I. Agreements in principle
Our deliveries and services are provided exclusively on the basis of these general terms and conditions. These are an agreed component of all contracts concluded with us. They will also apply in the future, even if they are not expressly included again. Deviating terms and conditions of the customer shall only become part of the contract if they have been expressly accepted by us in writing.
Our offers are always subject to change without notice until the 60th day (sixty) after the date of issue. We reserve the right of prior sale. Information in brochures, advertisements, exposés etc., including prices, is not binding.
III. Delivery and transfer of risk
For all deliveries, we expressly reserve the right to deliver. Force majeure, in particular operational disruptions, strikes, lockouts, traffic obstacles or other unforeseen events release us from the obligation to deliver; claims for damages due to delayed delivery or lack of delivery possibility, for whatever reason, are excluded.
Shipment is made at the risk and expense of the recipient from Bielefeld (only for shipment within the Federal Republic of Germany), unless otherwise agreed. Insurance will only be taken out at the customer's request and at his expense. We reserve the possibility of partial delivery. The risk shall pass to the consignee as soon as the goods have left our business premises.
Delivery and invoicing shall be based on the price list valid on the day the contract is concluded. The prices stated there are net prices without the respectively valid value added tax. The statutory value-added tax is shown separately in the invoices and is to be borne by the customer.
Our invoices are payable by cheque or bank transfer within 30 (thirty) days net cash, unless otherwise agreed. Bills of exchange or cheques shall only be considered as payment after they have been honoured. In the event of overdue payment by more than 7 (seven) days, interest on arrears will be charged at the respective bank rates for overdraft facilities. Payments by bill of exchange require our prior consent. The buyer shall bear the costs of bills of exchange, in particular discount and collection charges. In case of payment by bill of exchange, the deduction of a cash account is not permitted.
VI. Reservation of ownership
The delivered goods shall remain our property until all claims to which we are entitled from the business relationship, including all ancillary claims (in the case of payment by cheque or bill of exchange, until they have been honoured) have been settled in full. Prior to full payment, the goods may only be sold in the ordinary course of business; in this case, the buyer hereby assigns to us the claims against his customers arising from the sale, including all ancillary rights, to the amount of our outstanding claims. At our request, the buyer shall be obliged to notify his customers of the assignment and to provide us with the information and documents necessary to assert our rights against the customers. Furthermore, the goods may neither be pledged to third parties nor assigned as security before full payment has been made. We undertake to release goods delivered under reservation of title at our discretion if the value of the total goods still in our ownership exceed our claims, including incidental claims, by more than 20%. The purchase price charged at the time of delivery is decisive for the evaluation of the goods delivered under retention of title.

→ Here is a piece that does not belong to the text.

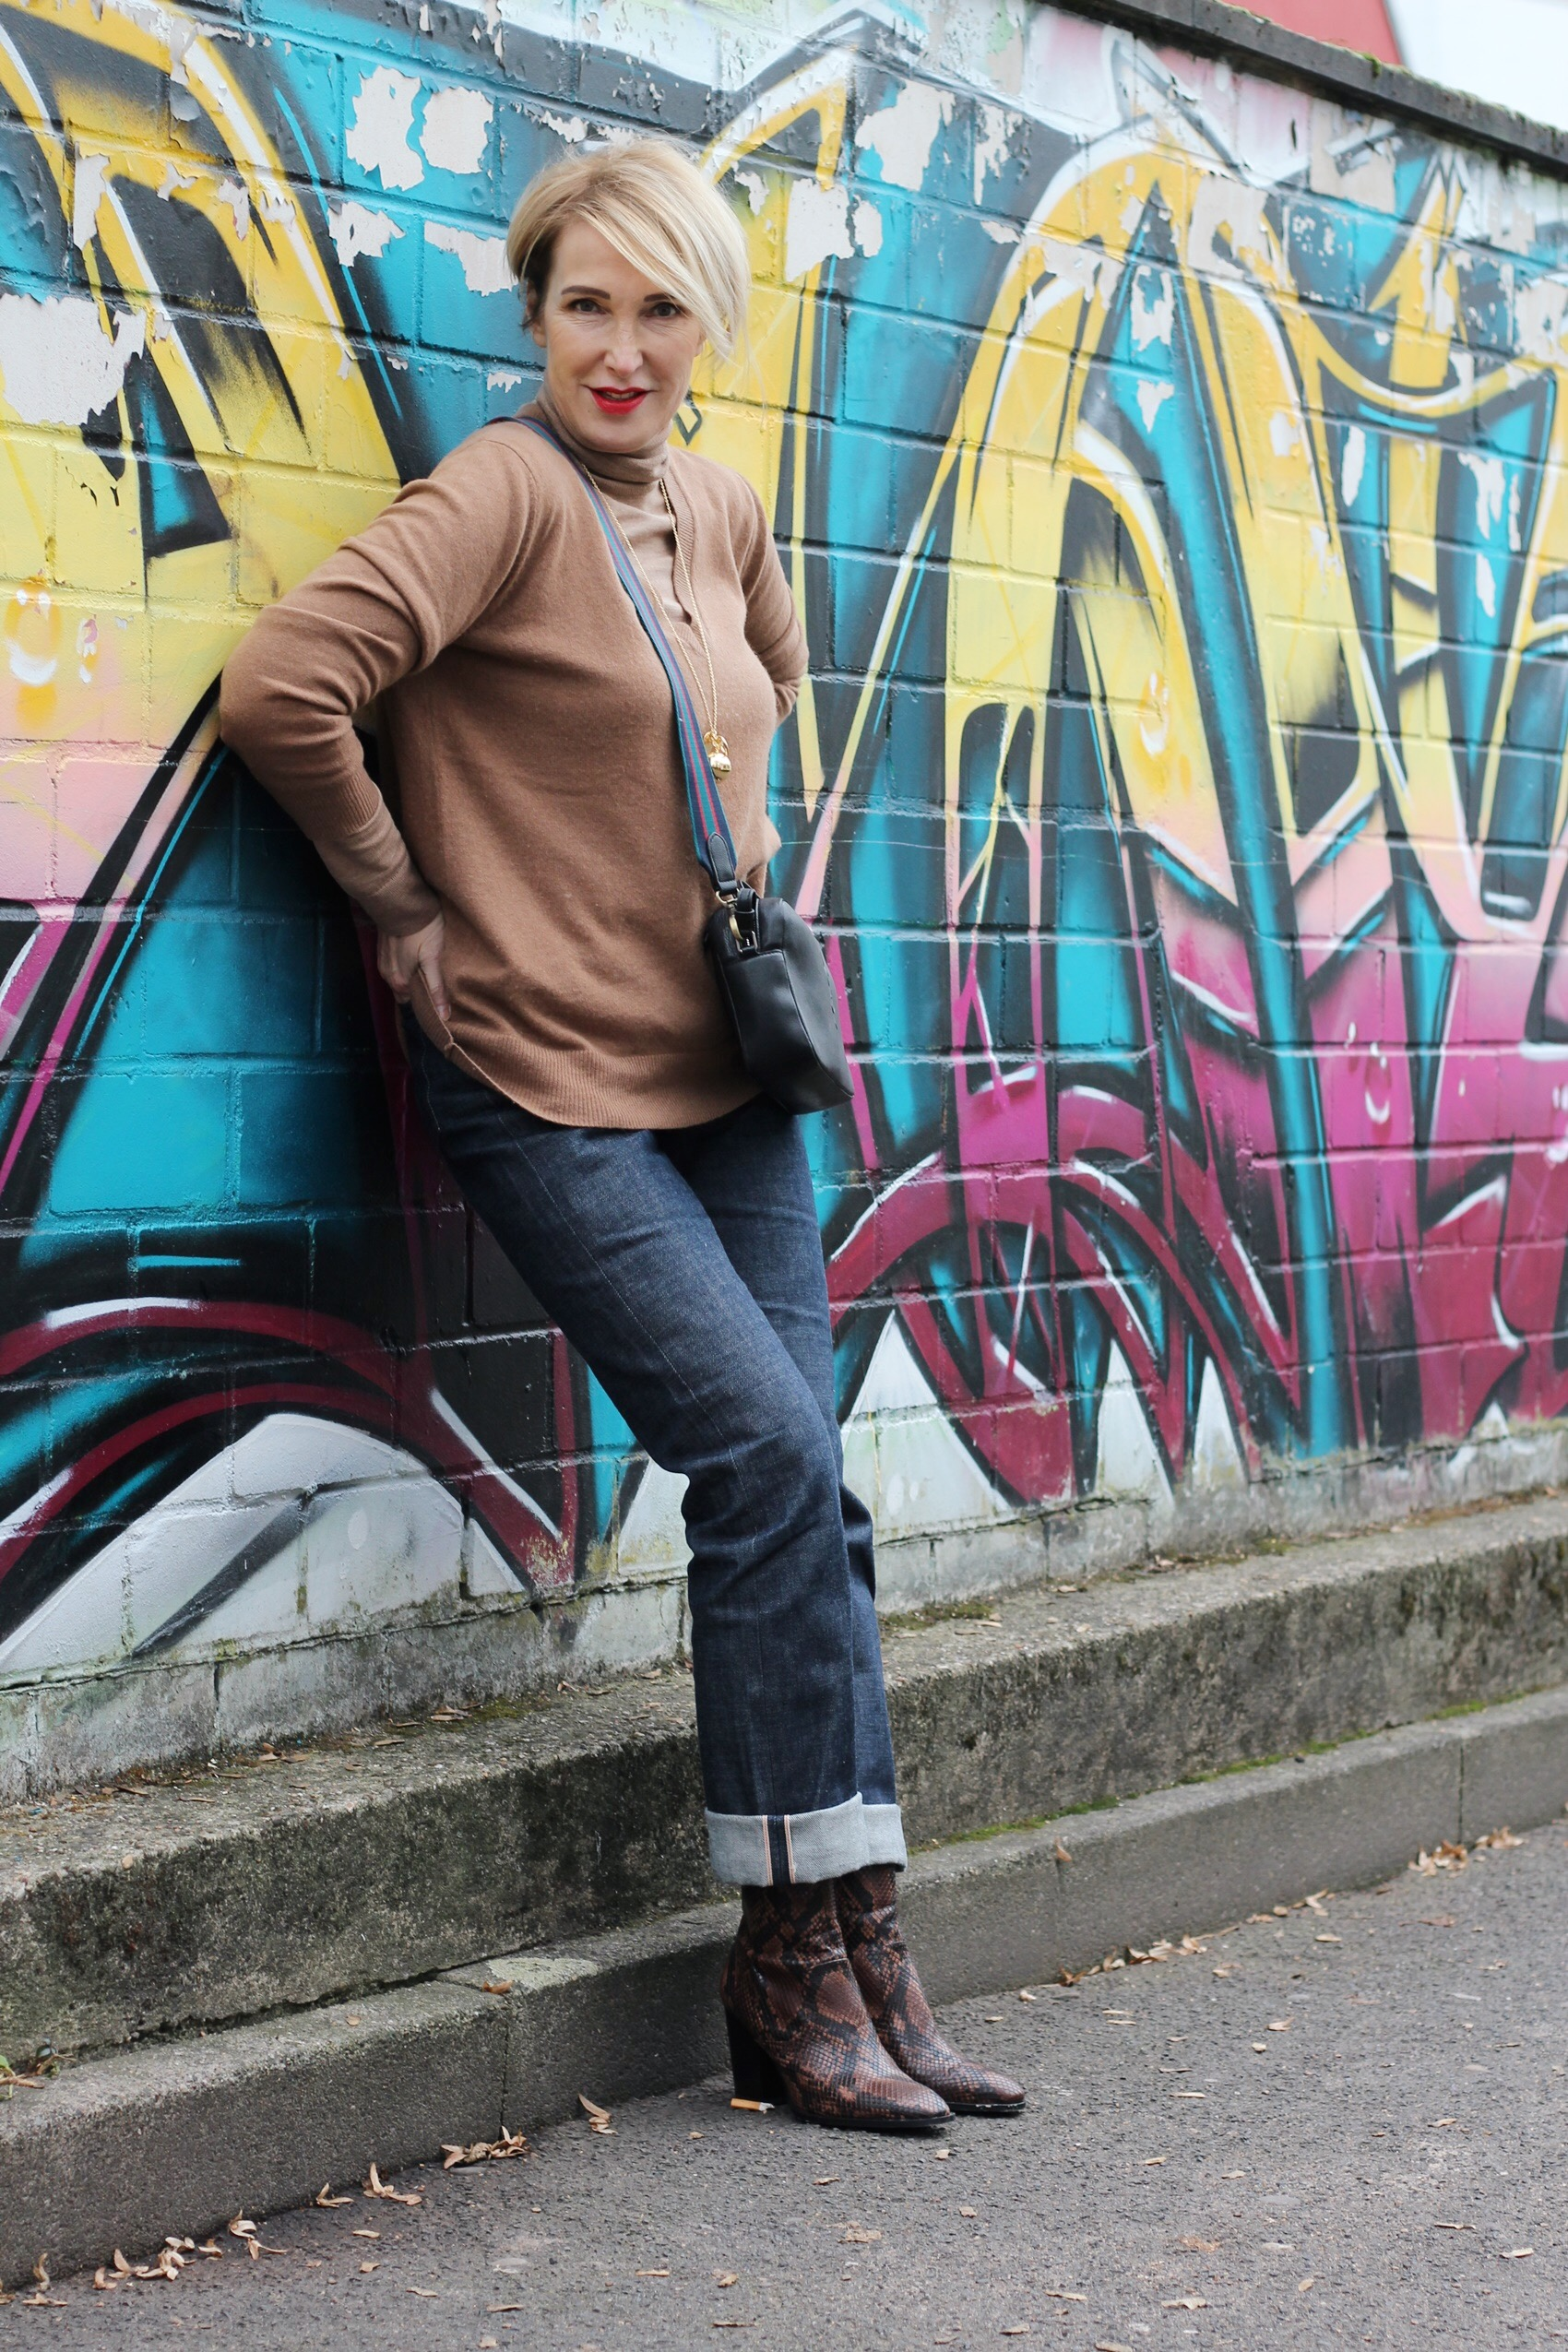 glamupyourlifestyle Rolli-untendrunter Rollkragenpullover Lagen-Look dünner-Rolli ue-40-blog ue-50-blog ü-40-blo
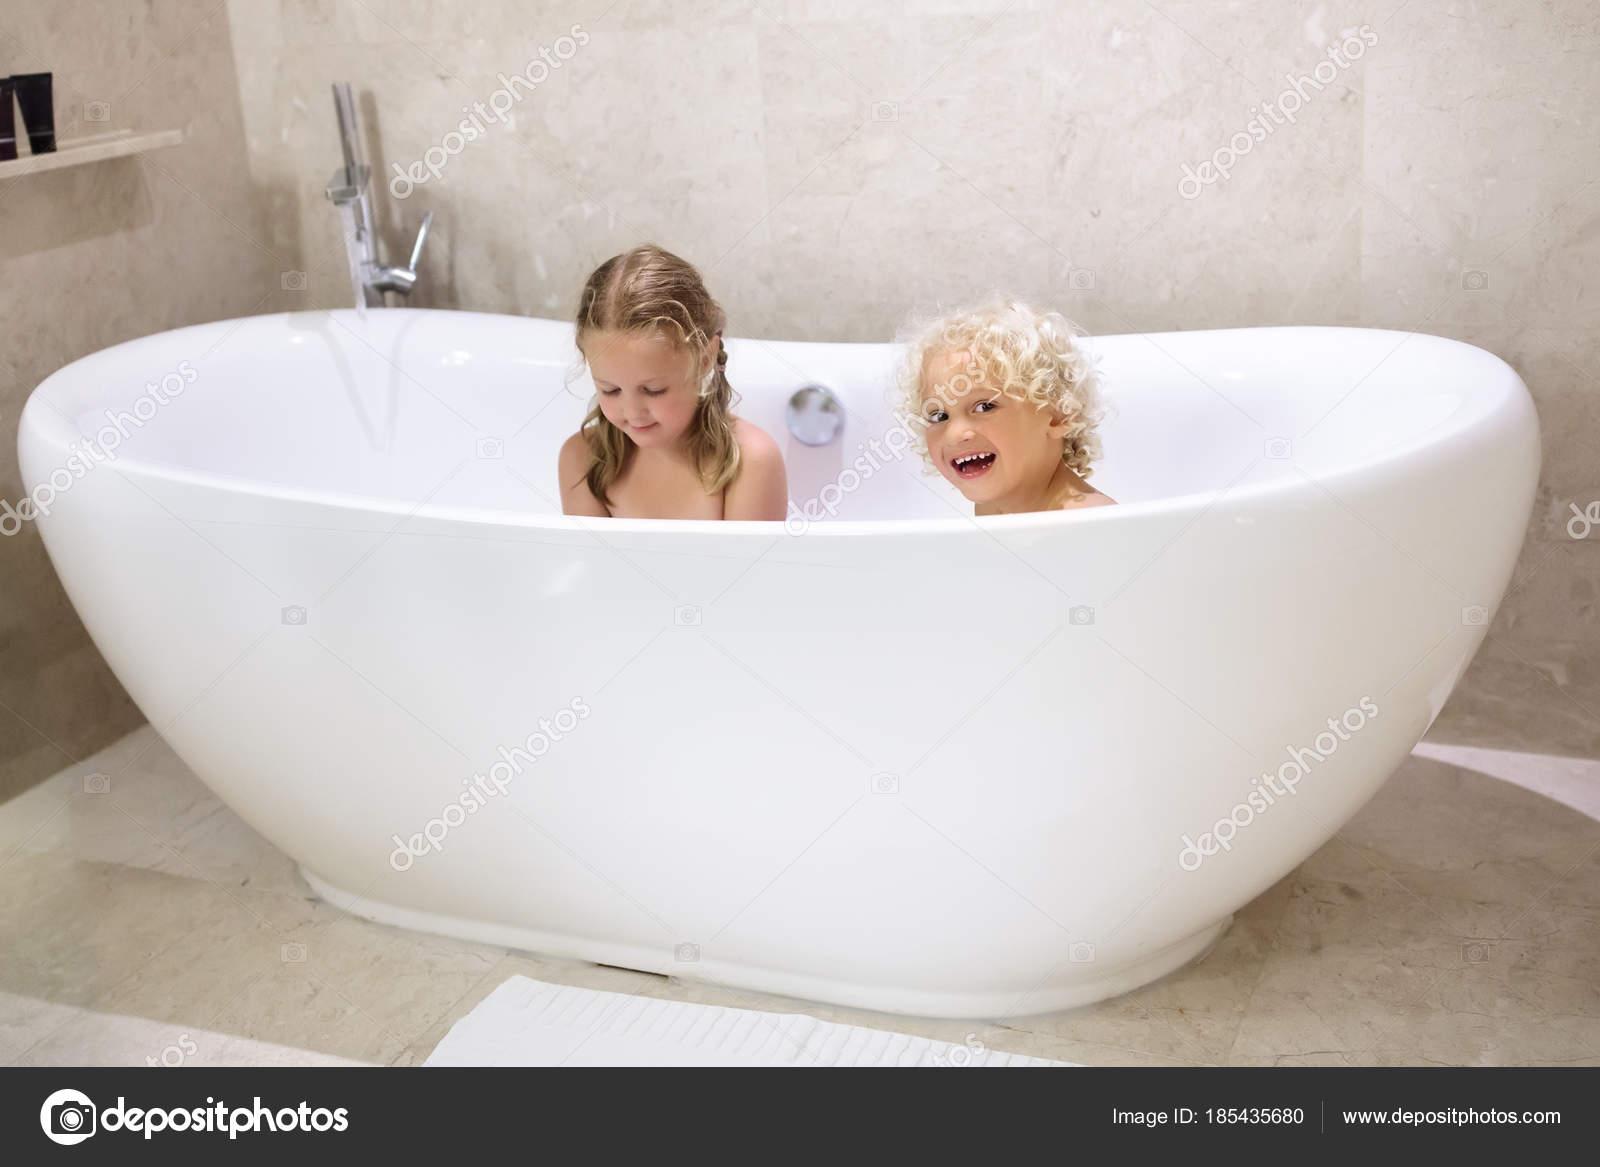 Kinderen in bad. Kinderen baden. Familie badkamer — Stockfoto ...

Defects as well as exceeding or falling short of the contractually agreed quantity or transport damage must be reported to us in writing without delay - in the case of recognisable defects, however, within 8 days of delivery at the latest, in the case of hidden defects without delay, however, within 8 days of their discovery at the latest. If a notification of defects is not made in due time, no claims against the supplier can be derived from such defects.
If the delivered goods are defective or lack guaranteed characteristics, we reserve the right to repair or replace the goods, excluding any further warranty claims by the customer. If a rectification or replacement delivery fails or is not possible within a reasonable period of time, or if a reasonable grace period set by the customer expires without the defect being rectified, or if we refuse to rectify the defect or culpably delay rectification, the customer may, excluding all further claims, choose to demand cancellation of the contract (redhibition) or reduction of the price (abatement). In addition to the customer's warranty rights, our general warranty conditions apply. Section VIII of these terms and conditions remains unaffected.
VIII. Limitation of liability
Irrespective of the legal grounds, our liability is limited to damages typical for the contract.
Warranty claims exceeding the provisions of section VII as well as claims for damages by the customer, irrespective of their legal basis, in particular in the case of consequential damage caused by a defect, claims for damages due to non-fulfilment, claims from positive breach of contract, from culpa in contrahendo or from extra-contractual liability, in particular due to tort, are excluded - unless provided for by mandatory law.
The limitations and exclusions of liability in sections VIII. 1 and VIII. 2 do not apply to damage caused by our organs or vicarious agents intentionally or through gross negligence.
Our liability for warranted characteristics remains unaffected.
IX. Place of performance and jurisdiction
The place of performance for delivery and payment is Bielefeld for both parties to the contract. Place of jurisdiction, also for bill of exchange and cheque processes, is Bielefeld. Only the law of the Federal Republic of Germany shall apply.
X. Invalidity of individual clauses
Should individual provisions of these General Terms and Conditions (AGB) be invalid, this shall not affect the other clauses.